Cada vez te pusiste más paranoico. No nos dejaba salir con nuestros compañeros, nada de fiestas ni pololeos. Derechito del colegio a la casa, nos advertías con tu dedo índice en el aire. Nada de nada, estamos en guerra, repetías. Casi nos tenías como rehenes. La mamá andaba por la casa con bata y pantuflas, con enormes lagunas moradas bajo sus ojos. No se enteraba de nada. Un par de años más tarde murió de Alzheimer. Apenas pudimos abandonamos el llamado hogar. Tuvieron que pasar veinte años para que finalmente fueras condenado a cadena perpetua y se te reconociera como uno de los torturadores más crueles y sangrientos de nuestra dictadura. Un monstruo, dijeron hombres y mujeres, víctimas de tu locura y barbarie. Dentro y fuera de Chile, con una memoria asombrosa, los sobrevivientes describieron con detalles cómo tú dirigías las sesiones de torturas, los golpes, la picana, la electricidad en las extremidades, en la lengua, los pezones, la vagina, los genitales, los perros y las ratas, las quemaduras, las violaciones, la ruleta rusa, el encierro, la música estridente que ahogaba los aullidos de los detenidos. Tú dabas las instrucciones, cuándo seguir, cuándo parar. A veces tú mismo los rematabas ahogándolos con una bolsa plástica. Te ensañaste con las embarazadas. Dabas la orden de quemar con soplete los rostros y las huellas dactilares de las víctimas para impedir que fueran reconocidas. Los prisioneros recordaban que tú entrabas a la sala silbando una melodía pegajosa, siempre la misma. Luego, te sentabas, prendías un cigarrillo y pedías un café cortado.

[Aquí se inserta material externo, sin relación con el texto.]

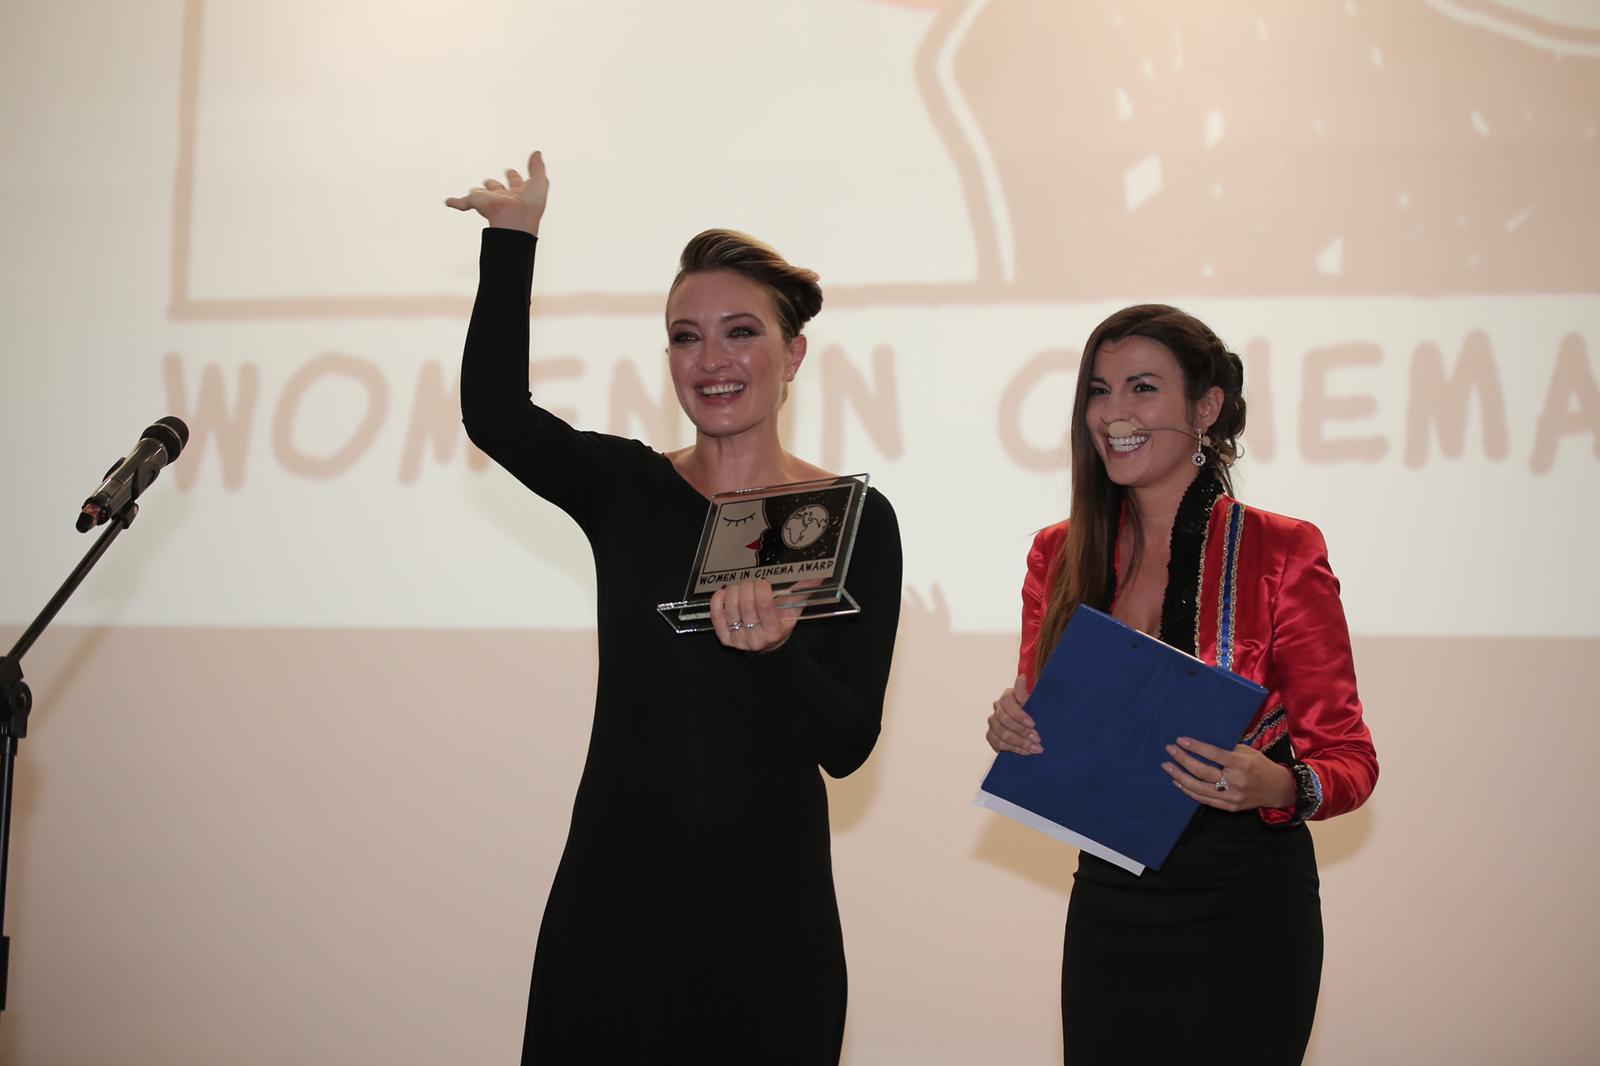 Women in cinema award at the rome film festival (4)

Te enfrentaste a un juicio, escuchaste impávido los testimonios de los sobrevivientes que reclamaban verdad, justicia y memoria. Los escuchaste con un rosario en la mano, la mirada muerta, las mejillas flácidas. Parecías un viejo bulldog. Nunca pediste perdón, nunca rompiste el pacto de silencio. Y cuando ya todo estaba dicho y hecho, hacia el final de los alegatos, colapsaste y tuviste un accidente cerebrovascular. Te operaron, pero no recuperaste la conciencia. Mejor así, pensé, quedaste atrapado en la neblina por siempre. Nunca te visité en la cárcel ni en el hospital. No fui a tu funeral. Mi hermano tampoco. La familia es la familia.